Сухие, в корочках, полуоткрытые губы девочки опять пошевелились, она отвыкла говорить, губам было неловко совершать движения, нужные для звуков речи, — и девочка не произнесла, а скорее едва слышно выдохнула с теплом дыхания:

— Маня…

— Смотрите, сказала! — удивилась пожилая женщина в овчинной безрукавке, оставляя упряжь. — А я сколько ни пыталась ее разговорить, она мне даже имя свое ни разу не назвала…

Антонина почувствовала, как у нее вдруг защипало глаза, задергалось веко; горячо и щекотно навернулась слеза, смочила ресницы.

Давно уже, с той поры, когда Антонина поняла, что своей семьи, своих детей у нее уже не будет, прошли все эти сроки, у нее появилась, стала развиваться любовь к детям чужим, к детям вообще, вылившись в затаенную мечту, о которой знала только одна мать, — взять себе сиротку, мальчика или девочку, все равно, а то и двух, чтоб росли, как братик и сестричка.

Да все не выходило такого случая.

С теснотою на сердце смотрела Антонина на Маню, сгорбленно сжавшуюся под стеганой телогрейкой с запахнутыми впереди крест-накрест пустыми рукавами. Не тот ли как раз случай посылает ей судьба!

Ох, нет, не ко времени! Где уж тут думать об этом, в такой момент. Пусть уж Маня едет с подобравшими ее людьми. Через час они будут уже далеко отсюда, а кто знает, что станется тут с Гороховкой, что суждено ей, Антонине?

— Петровна!

Это кричала Мария Таганкова, впритруску торопясь к обозу.

За ней хромал Иван Сергеич, который начальствовал над колхозными кладовыми, всем инвентарем, имуществом и носил звание завхоза.

По годам его еще и по отчеству не следовало называть, только-только перевалило ему за двадцать, но в сороковом году, служа действительную, он побывал на финской войне, получил там ранение в ногу и обморозился; повадка держать себя с людьми была у него степенная, взрослей своих лет; кто-то из деревенских девчат, когда он вернулся, усмешливо, в шутку, стал величать его с отчеством, а там и пристало, закрепилось, и теперь уже без всяких шуток был он Иваном Сергеичем — белобрысым, в армейском бушлатике, с целым набором карандашей и ручек в нагрудном кармане гимнастерки.
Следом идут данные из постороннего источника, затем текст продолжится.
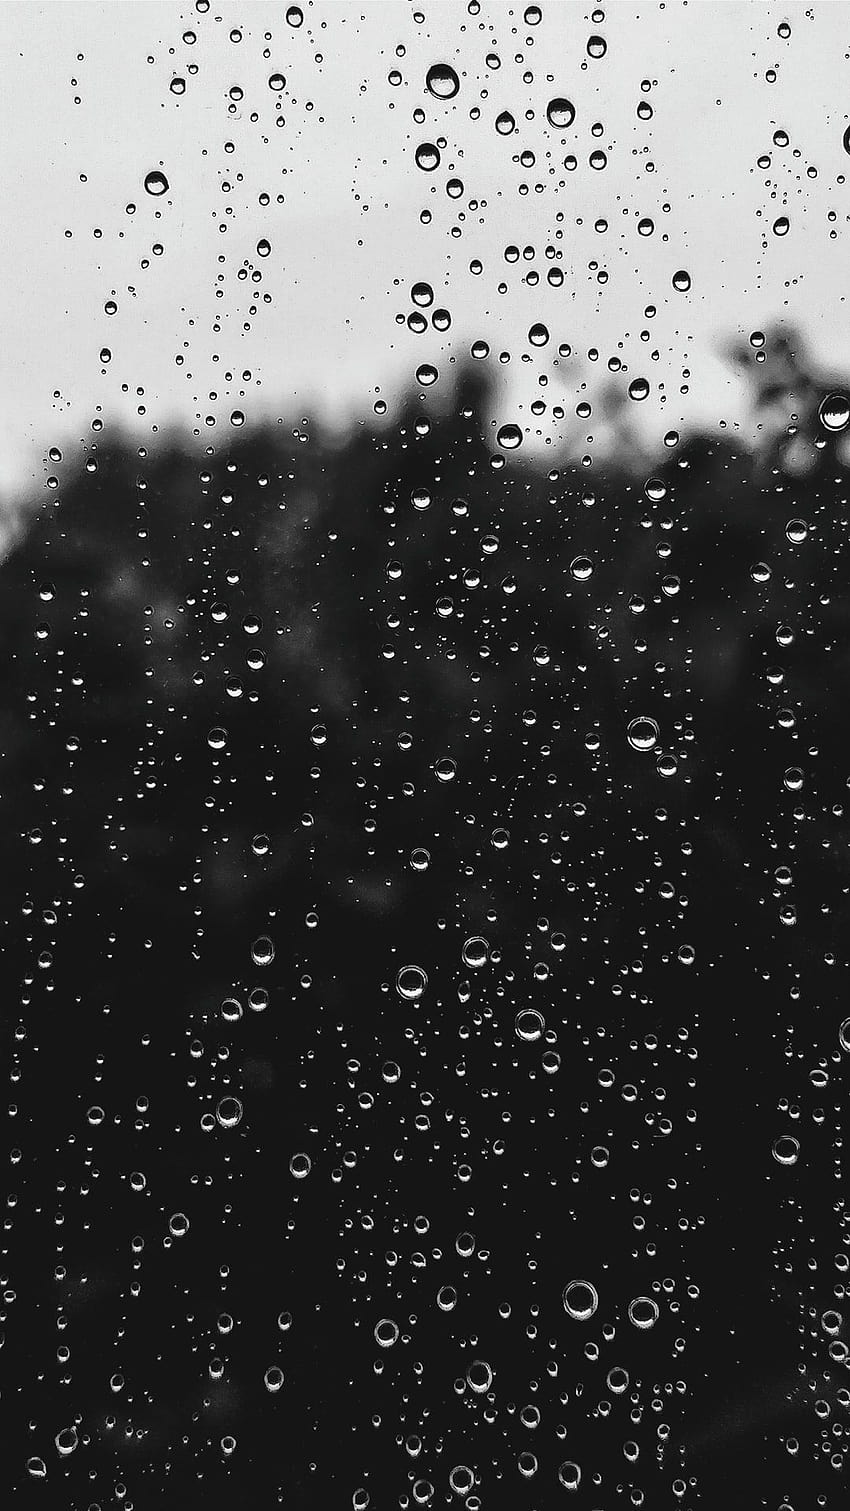 HD rain outside the window wallpapers | Peakpx

Из армейского госпиталя его отправили в том самом матерчатом ватном треухе, в тех самых нитяных обмоточках и ботинках, в каких мерз он в трескучих от стужи карельских лесах. Но дома Иван Сергеич скоро прифрантился: обмотки и неуклюжие, свиной кожи ботинки заменил на хромовые сапоги, мятый зеленый треух — на командирскую фуражку с лаковым козырьком и звездой, — сильно хотелось парню глядеться представительно и достойно, и, надо отдать ему должное, это у него получалось.